BOE buildingUPPER MARLBORO – The number of speakers per meeting and what they can speak on may be restricted if the Prince George’s County Board of Education passes proposed policies introduced during its most recent work session.

At a meeting held at 1 p.m. on April 6, the board of education formally introduced changes to a board policy regarding public comment at public meetings. The changes were only a first reader, meaning board discussion or comment on the issue was not necessary; however a few members found the changes egregious and said so during their introduction.

Boardmember Edward Burroughs, III said the revamped policy would restrict residents in a burdensome way.

“There are times the budget might not change, or the issue might not change, but the person might still want to communicate their concern or their approval to the board once they learn more information. We shouldn’t prohibit that,” Burroughs said.

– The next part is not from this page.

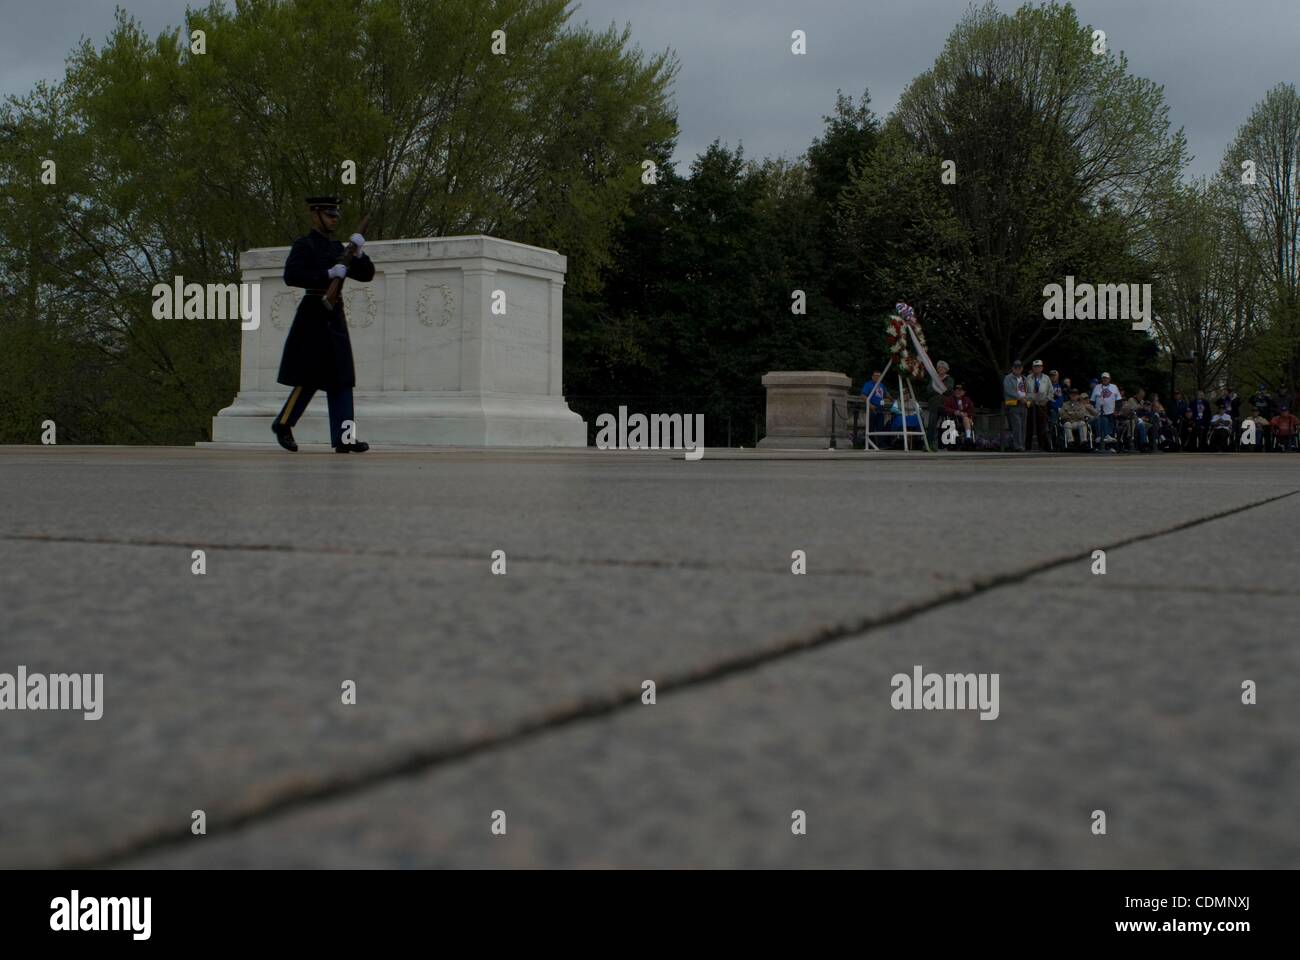 Apr 12, 2011 - Arlington, Virginia, U.S. - A U.S. Soldier with the 3rd U.S. Infantry Regiment, also known as The Old Guard, stands guard at the Tomb of the Unknowns at Arlington National Cemetery. The Old Guard has guarded the tomb since 1948. Arlington National Cememterywas established during the A Stock Photo

Burroughs and fellow Boardmember Raaheela Ahmed raised several issues with the possible changes, specifically regarding intimidation of speakers and restricting public comment topics. This led the policy committee Chair Curtis Valentine and Boardmember K. Alexander Wallace to ask Board Chair Segun Eubanks for an emergency committee meeting on the issue. The date of that emergency meeting has yet to be set.

The policy changes in question are clearly noted in online versions of the policy, which is Policy No. 8345. The proposed changes state that the board’s assistants will only take public comment registrations from the “individual directly,” meaning no third parties or interpreters can call to register a resident to speak at a board of education meeting.

In addition, the possible policy reads that the board assistant can refuse to register a resident to speak if they do not give their name and state the purpose of their testimony.

“The maximum number of speakers shall not exceed 15 since the total time allotted is 45 minutes,” the changes read. “The board will reserve10 of the 15 (maximum) slots for individuals who wish to comment on issues that are on the agenda for that day’s board meeting. The other five slots will be reserved for speakers who wish to comment on other issues that are not specifically on the agenda.”

The anticipated changes also include additions to the policy in the form of restrictions on what residents can speak on. Personnel issues, matters on appeal, complaints “identifying individual students,” advertising or solicitation of services or products and any topic that will have a formal public hearing are all on the list of banned topics from board of education meeting public comments.

“In addition, no individual may address the same topic before the board within a 30 day period, unless there has been a change in status of that agenda or non-agenda item,” the changed policy would read. This means if there is no movement on an issue, residents cannot readdress the topic within 30 days of their original testimony.

Burroughs took issue with that.

“If I work this day and I can’t make it to the budget hearing and there’s a board meeting the next week and I can make it to that, I should be able to testify whenever I can,” he said.

However, the planned changes also state that there will be no limit on the number of speakers at a public hearing, though it also strikes school closings as a reason for holding a public hearing.

The changes leave the ruling of any comment out of order up to the chair of the board, Eubanks. In the past, the board has typically allowed more than 15 residents to speak at a meeting, despite previous restrictions. The proposed changes leave registration for comment soley to the board’s assistant.

“I think this board should strongly consider having language in that policy that address intimidation in some way, shape or form,” Ahmed said. “I think it could be and should be discussed further on.”